Dron z garażu zrewolucjonizował wojnę (1986-2016)

Protoplasta Predatora i bojowego Reapera, których wygląd jest dziś ikoną wojskowych dronów, zbudowany został... w garażu.

Retronauta.pl


Dziś rodzina Predator w swojej klasie jest najczęściej budowanym typem większych wojskowych dronów na świecie (grafika: USAF)

Zdalnie sterowane i autonomiczne bezzałogowce na zawsze zmieniły sposób prowadzenia wojny. Piloci bowiem już nie latają w powietrzu a zdalnie sterują z ziemi bezzałogymi samolotami. Zabijają siedząc wygodnie w skórzanych fotelach w naziemnym klimatyzowanym kontenerze na innym kontynencie.

Zbudowano już kilkaset dronów rodziny Predator. Od kilkunastu lat wykorzystywane są bojowo głównie w tzw. wojnie z terroryzmem.

Abraham Karem - ojciec współczesnych dronów


Abraham Karem nazywany "ojcem dronów"

Urodzony jeszcze przez II wojną światową w żydowskiej rodzinie Abraham "Able" Karem swój pierwszy model latający zbudował w wieku 14 lat. W ciągu 2 dwóch lat został instruktorem w aeroklubie. Skończył studia inżynierii lotniczej na politechnice Technion w Hajfie. Pierwszy dron Karema używany był bojowo w 1973 roku przez lotnictwo izraelskie podczas Wojny Jom Kippur, wojny Izraela z Egiptem i Syrią.

Jeszcze w latach 70. XX wieku wyemigrował do USA, gdzie wpierw pracował dla małej spółki aernonautycznej Developmental Sciences. Potem założył własną firmę Leading Systems. Mieściła się ona w... w garażu swojego domu w Kalifornii.

"Ja szukam domu z garażem. A Ty szukasz garażu z domem." - powiedziała mu jego żona, gdy zorientowała się, że zamierza pracować w domu.
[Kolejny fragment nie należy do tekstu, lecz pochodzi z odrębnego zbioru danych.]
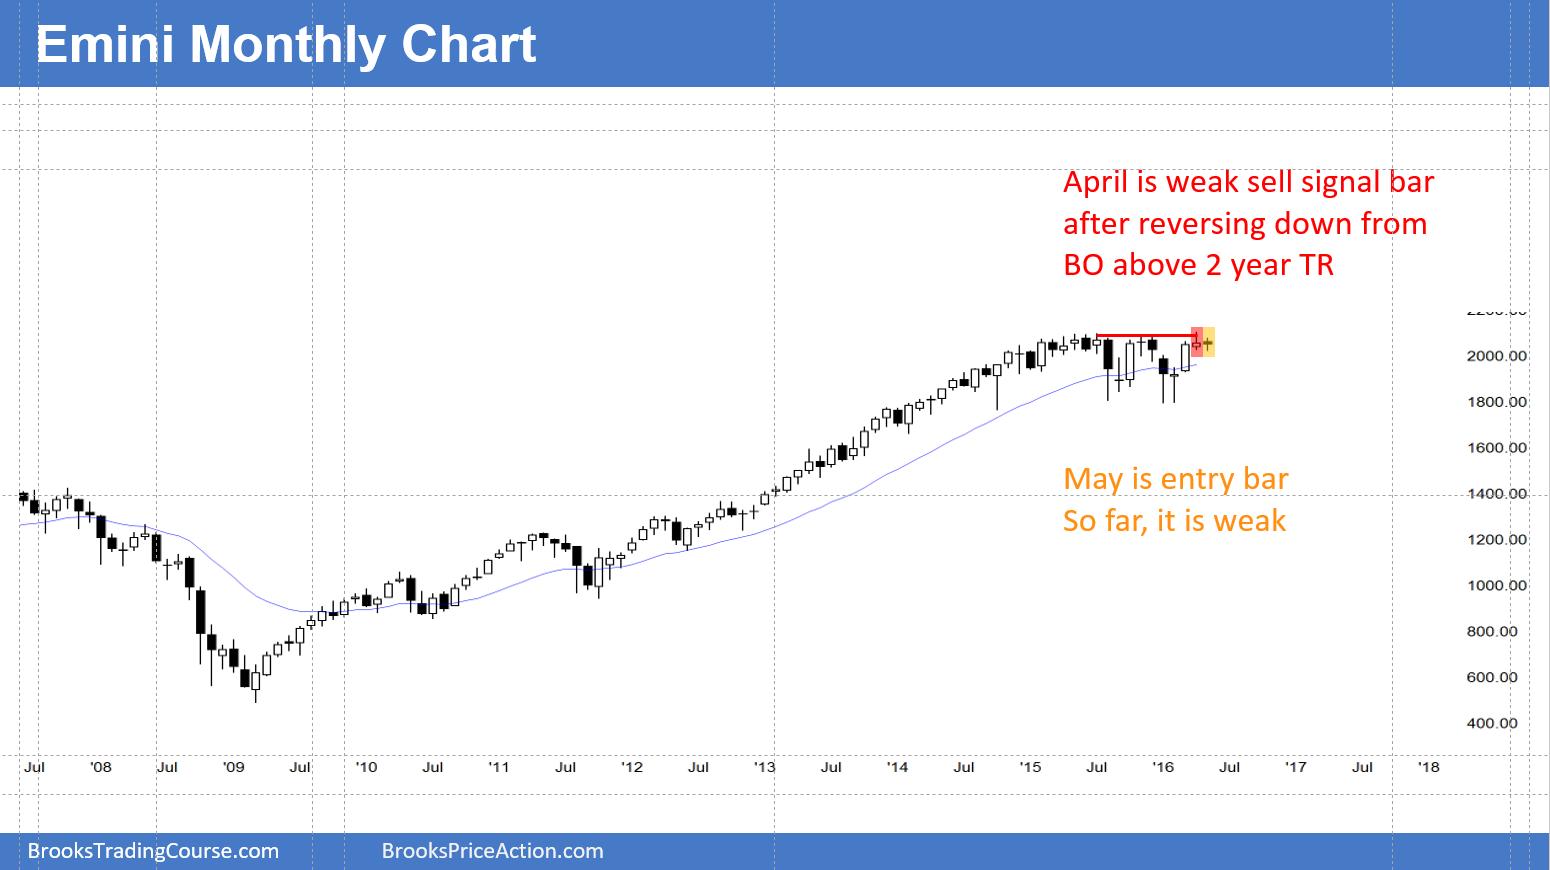 Emini trading signals live

W garażu o powierzchni 600 m2 za prywatne środki założyciela i rodziny powstał dron Albatross. Potem na jego bazie, już w ramach współpracy z amerykańskim wojskiem, powstał bardziej zaawansowany Amber. Ostatecznie to ten model wyewoluował do znanego drona Predator i jego uzbrojonej w rakiety wersji Reaper.


Albatros, Amber, Gnat, Predator i bojowy Reaper (grafika: Leading Systems, General Atomics)

Albatros

Przy powstaniu Albatrosa w garażu pomagało 2 modelarzy - jeden z nich był studentem... medycyny. Kadłub został wykonany ręcznie z włókna szklanego, dzięki kładzeniu kompozytu w formie. Bezzałogowiec wyposażony został w długie skrzydło i charakterystyczne stery tylne podobne do odwróconej litery "V". Chodziło o to, żeby podczas nawet twardego i mało udanego lądowania chronić śmigło. Aby nie roztrzaskało się o ziemię. Śmigło napędział mały spalinowy silnik tłokowy.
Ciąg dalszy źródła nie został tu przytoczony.